The new film, which is premiering at the Wexner Center, and projects related to it represent the culmination of Sietsema’s work supported by a Wexner Center Artist’s Residency Award in visual arts for 2010–11. Built around a spare and repetitive structure, this new film examines a space in which contemporary means of communication and media consumption have been replaced by highly clichéd and anachronistic versions of these same objects. The film presents a further meditation on the workspace of the artist, exploring ideas of artistic process, the nature of media, and the relationship between the present moment and the time captured and replayed by film.
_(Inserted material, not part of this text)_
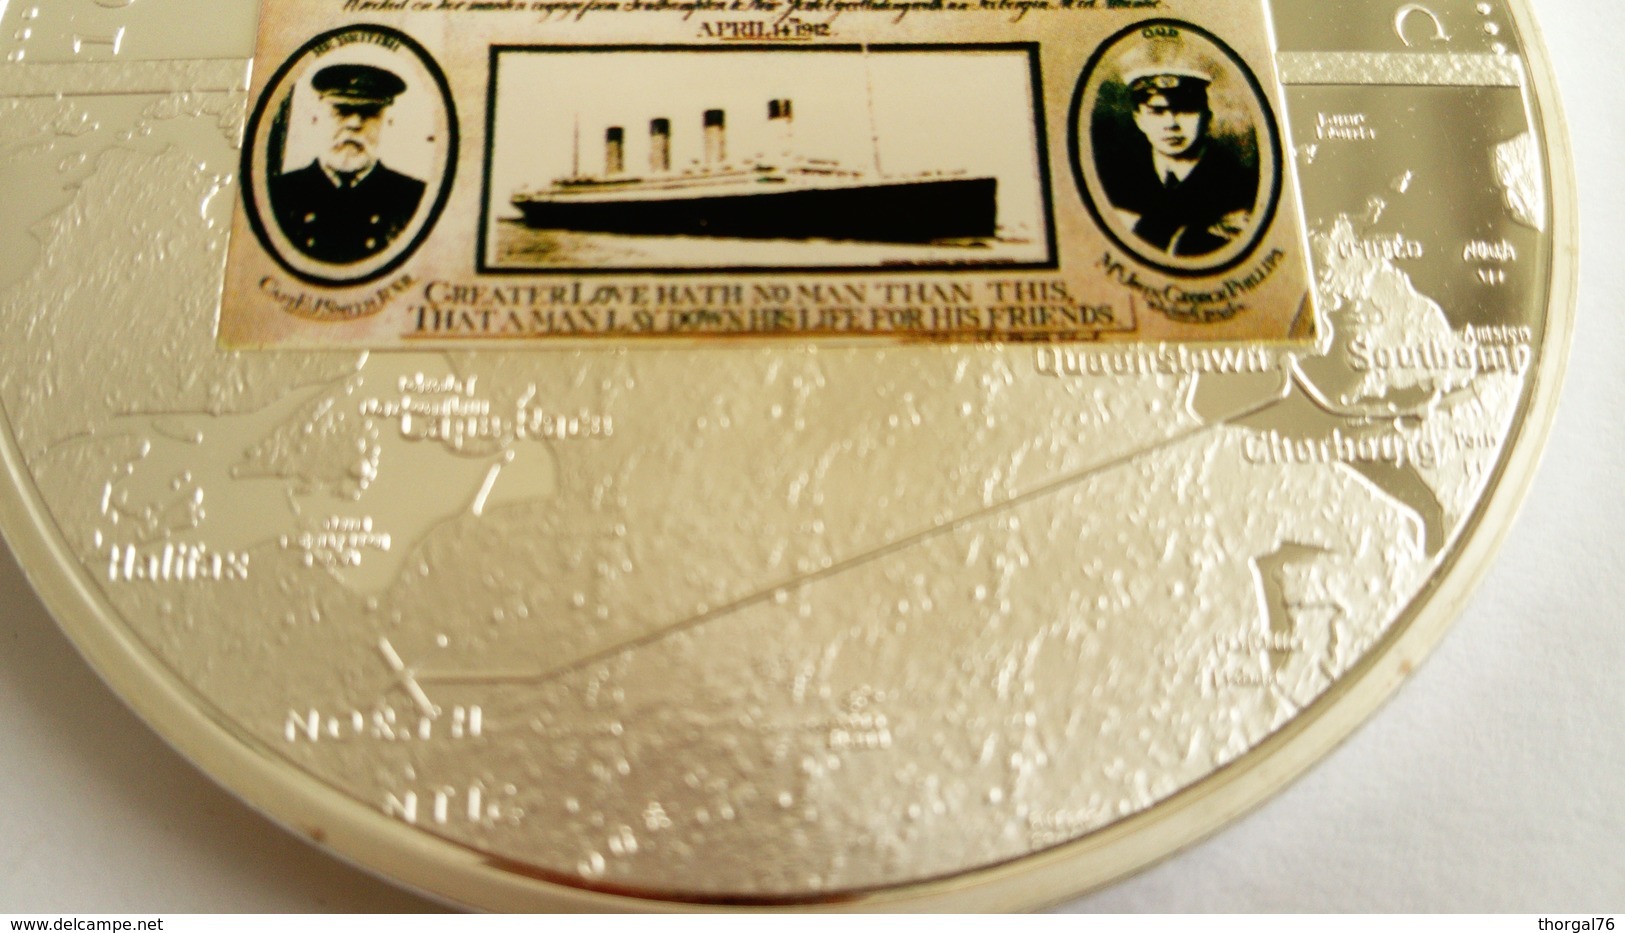 TITANIC 1912- 2012 MEDAILLE COMMEMORATIVE DU NAUFRAGE DU PAQUEBOT TITANIC - Décoration Maritime

The exhibition’s curator is Christopher Bedford, former chief curator of exhibitions at the Wexner Center and now Henry and Lois Foster Director of the Rose Art Museum at Brandeis University. A richly illustrated catalogue accompanies the exhibition. It features essays by Suzanne Hudson (assistant professor, Department of Art History, University of Southern California) and George Baker (associate professor, Department of Art History, University of California, Los Angeles) and a conversation among Sietsema, Bedford, and Bill Horrigan, curator at large at the Wexner Center.
The exhibition travels to the Museum of Contemporary Art, Chicago, where it will be on view September 7, 2013, through January 5, 2014.
Shimon Attie’s MetroPAL.IS., an immersive, multiple-channel video installation, dramatically tackles the complex and intensely problematic Middle East conflict with characters cast from the Palestinian and Israeli communities in New York City. Dressed in outfits that reflect their varied lifestyles and professions, each of the performers reads from a document created by Attie that combines sections of the Israeli Declaration of Independence (1948) and the Palestinian Declaration of Independence (1988). This hybrid document reveals a surprisingly significant overlap between the two original texts.
Eight 65-inch (vertical) monitors encircle viewers with one larger-than-life-size character on each screen. The characters appear in poses reminiscent of baroque painting, with an almost orchestral flow of sound and text among them, enhancing the dramatic impact of the work. The complex editing and post-production work integral to creating this symphony of voices and the interaction among the individual monitors was completed during Attie’s residency as a visiting artist in the Wex’s Film/Video Studio Program in 2010.
Throughout Attie’s career, his work has focused on the formative aspects of communities, drawing on history, memories, and the significance of place. In recent years, his practice has shifted away from the projection of historic imagery on public architecture, turning towards ambitious, multichannel installations, such as MetroPAL.IS. Attie notes that video, as a time-based format, “lends itself to the kinds of conflation of past and present which is central to my work. In addition, creating multiple-channel, immersive works allow me to activate a given space, which is also something central to my artistic sensibility.”
A free gallery guide with an essay by Jennifer Lange, curator of the Film/Video Studio Program and of this exhibition, accompanies the show.
MetroPAL.IS. was commissioned by The Aldrich Contemporary Art Museum.